# DWM Luger question



## Drewman (Oct 23, 2008)

Hi guys, I hope you can help. I have a DWM Luger 30 caliber, serial # 6693 not date stamped, also has rust pits on side plate, front sights and under the grips.
I have repaired and reblued the gun. My question is how much do you think it is worth? And would anyone have any idea as to the model year?
Finally, can anyone tell me where I can purchase new or second hand parts? Any help would be greatly appreciated.


----------



## DarrylS (Sep 10, 2008)

...By .30 cal. I assume ya mean 7.65mm...I myself have seen a few DWM Lugers manufactured from around 1906 to 1923. I do know of a 1915 DWM that sold for $450 but it was a Brazilian contract gun...Lord knows what they're worth now...As for parts I can't help ya...I'd love one myself...:mrgreen:


----------



## niadhf (Jan 20, 2008)

Drewman said:


> ....I have repaired and reblued the gun. My question is how much do you think it is worth? .....
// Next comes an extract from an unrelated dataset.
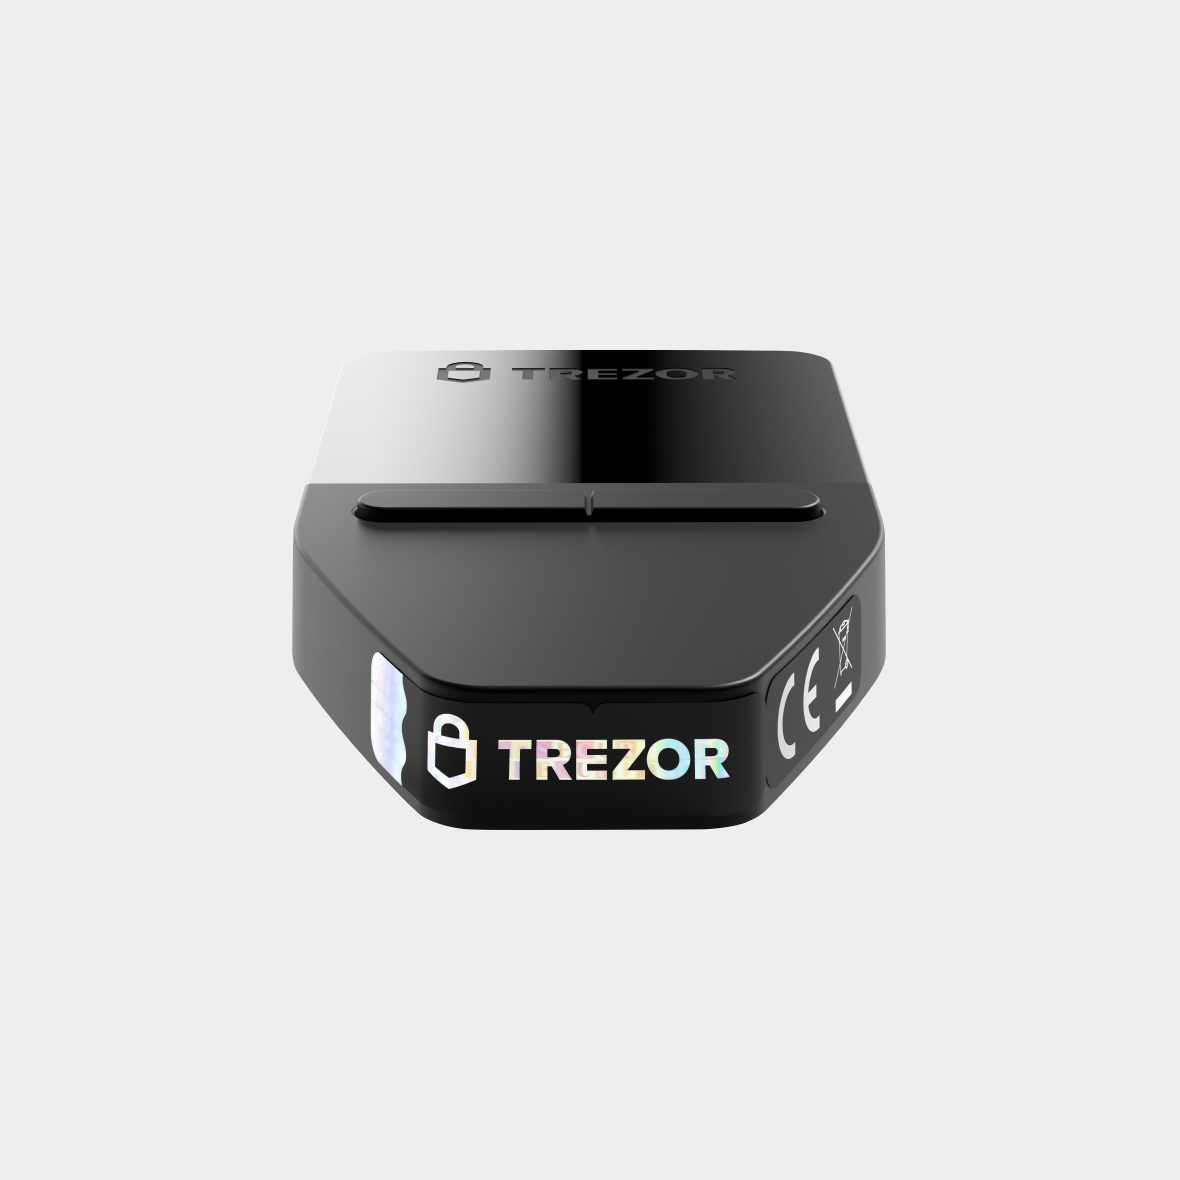 Trezor Safe 3 - Solar Gold - Hardware wallet - Trezor Official Partner - bitcoinlove.fun

a lot less now than it was before you did this

try the blue book of gun values. they prob have a website, but idk that


----------



## DarrylS (Sep 10, 2008)

...Uh Oh...I missed that part about _"...repaired and reblued the gun"_...Don't wanna do that if yer thinkin' collector value...:smt021


----------



## Teuthis (Apr 9, 2008)

http://www.cmrfirearms.com/shop/pro...id=80&osCsid=572858dc31af302847be4caa714a71b1

They have parts.

As to value, a re-blued and repaired pistol probably has little actual collector's value, but for insurance purposes, you might consider using values from the Blue Book of Gun Values as NIADHF suggests.

Good luck with it and enjoy.


----------